Разве не то же самое произошло с сексуальной революцией? Конечно, нравы стали вольнее, либидо стало проявляться смелее, либеральнее. Но ведь и раньше кто хотел, грешил напропалую, только под покровом ночи, в развеселых домах, в притонах разврата, в тайниках подполья и подсознания. В том-то и состояло значение сексуальной революции, что она это вывела наружу и обнажила сознанию. Если раньше кто-то скрывал от себя кровосмесительные влечения, то теперь по долгу просвещенного сознания он обязался их заиметь – и с детства домогаться маменьки. Вот и вопрос: подавленный инстинкт одержал победу – или это сознание расширило зону своего владычества до прежде недоступных и сокровенных участков тела и души? Ведь, в сущности, и Фрейд, этот Маркс сексуальной революции, отдавая бытийный приоритет темному либидо, стремился возвести сознание на такой аналитический уровень, чтобы оно психически просветляло его в себе. Психоанализ – клич к сознанию: выше и дальше. Прежде неосознанное – осознай! Прежде немыслимое – помысли!
Если бедствие экономических кризисов разрешается плановым ведением хозяйства, то болезнь психических неврозов исцеляется осознанием вытесненных влечений. И результатом сексуальной революции сплошь и рядом стало не столько торжество секса, сколько торжество сознания над сексом. Если раньше секс упрямо прятался в штаны, под юбку, под одеяло, оставаясь стихийно возбудимым и неуправляемо сладостным, то теперь сознание вытащило его на свет и стало пользоваться им как угодно: в любых позах, для любых целей – коммерции, революции, поддержания истеблишмента, сокрушения истеблишмента… Само наслаждение, извлеченное из семенных протоков, стало проводником идей, выгод и тенденций. Все это в широком смысле именуется порнографией, которую можно определить как сферу осознания и отчуждения секса.
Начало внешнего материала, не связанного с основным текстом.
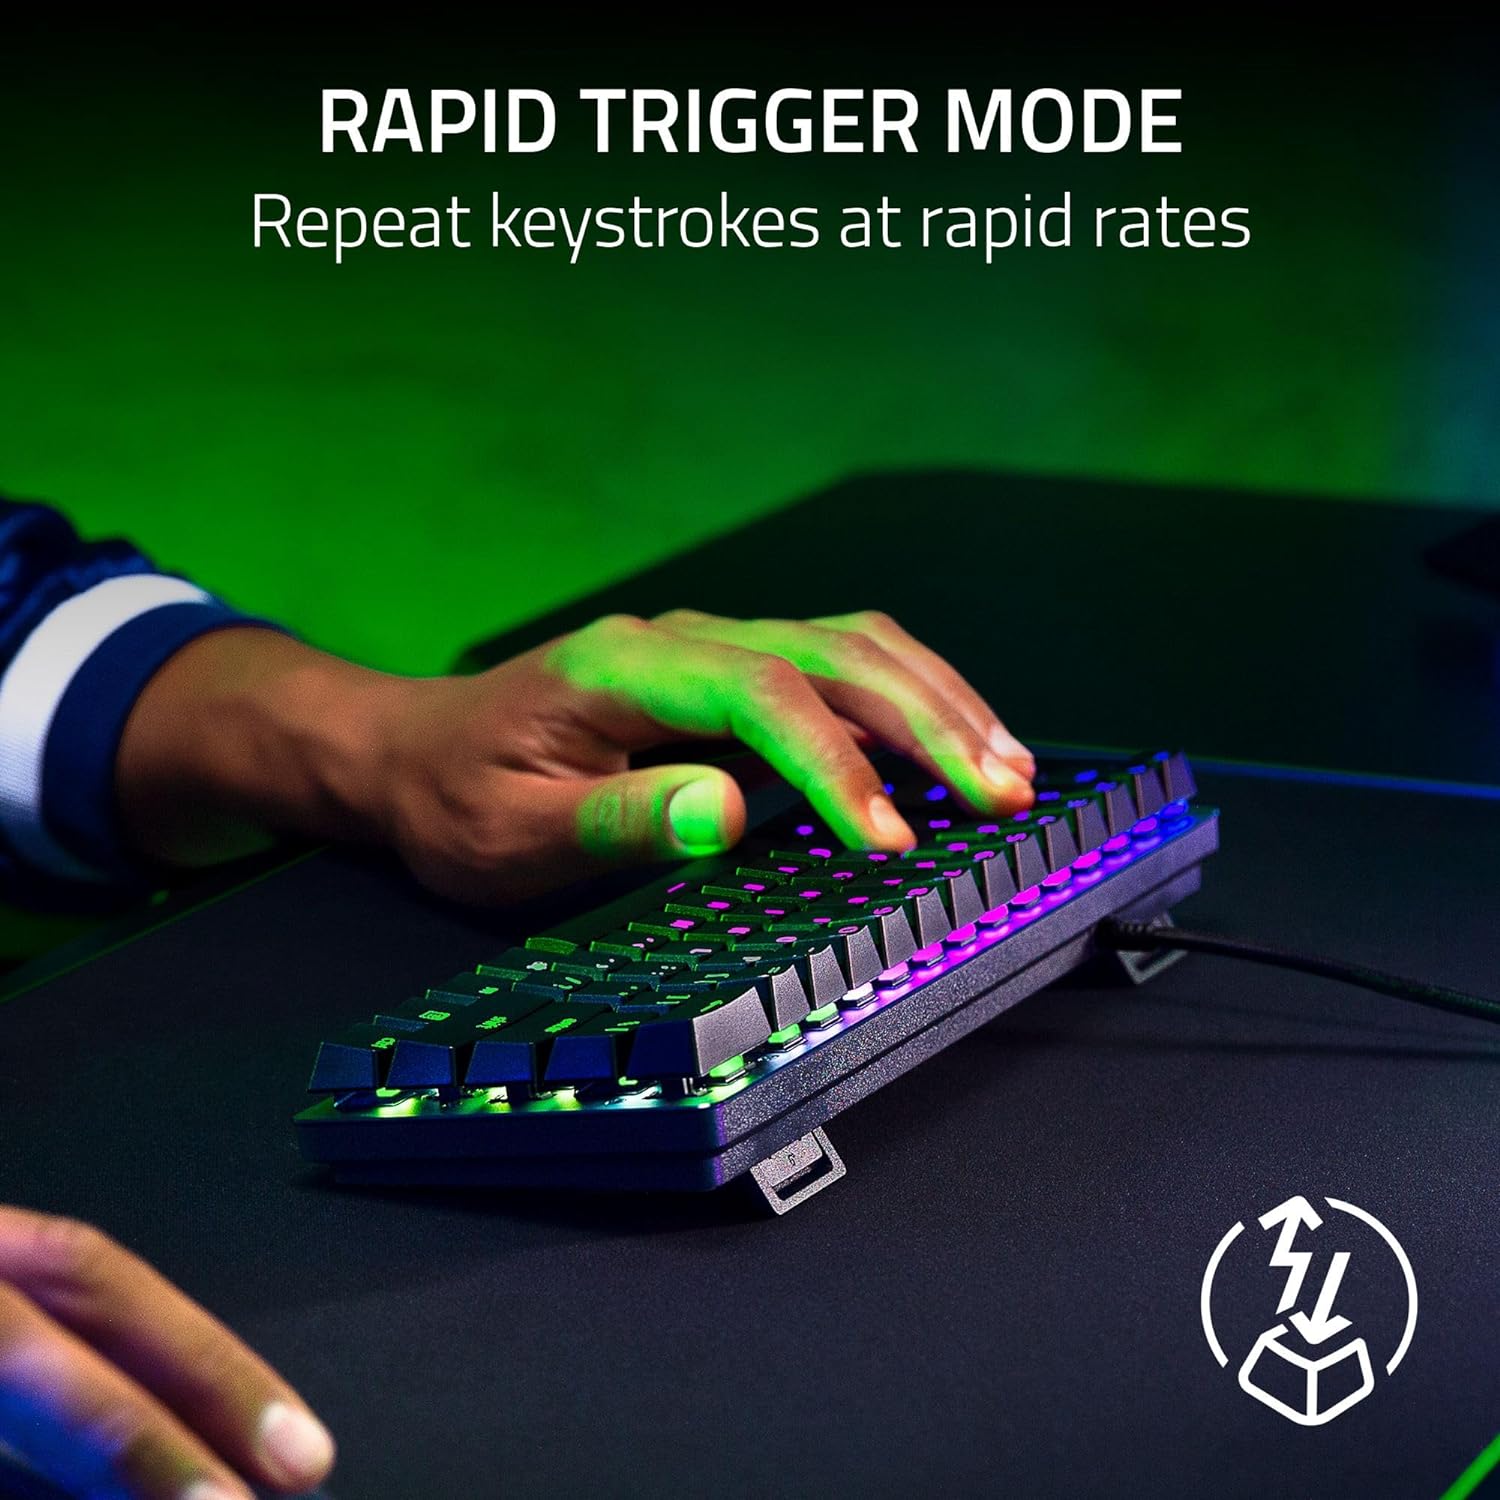 Razer Huntsman Mini 60% Gaming Keyboard: Analog Optical Switches - Doubleshot PBT Keycaps - Chroma RGB - Onboard Memory - Portable 60 Percent Form Factor - Detachable Type-C Cable - Classic Black

Значит, социальная и сексуальная параллели все-таки пересекаются. «Идеология и порнография – близнецы-сестры». Предмет обеих – торжество материальных и социальных низов: трудящихся классов, совокупляющихся органов. На плакатах – цеха и поля, над которыми нависает могучая рабочая рука. На рекламах – нагая краса, призывающая к действию могучий производительный орган. Но то и другое – всего лишь эйдосы: идеи и виды97. Орудия для власти сверхсознания, которое раньше, в эпоху просто сознания, еще чуждалось и боялось материальных низов, взывало к духовному, разумному, доброму, вечному. Но потом совершило переворот, опрокинуло это незрелое, классическое сознание посредством материальных низов, чтобы тут же возвыситься над этими низами и сделать их орудием своего идейно-эйдетического господства.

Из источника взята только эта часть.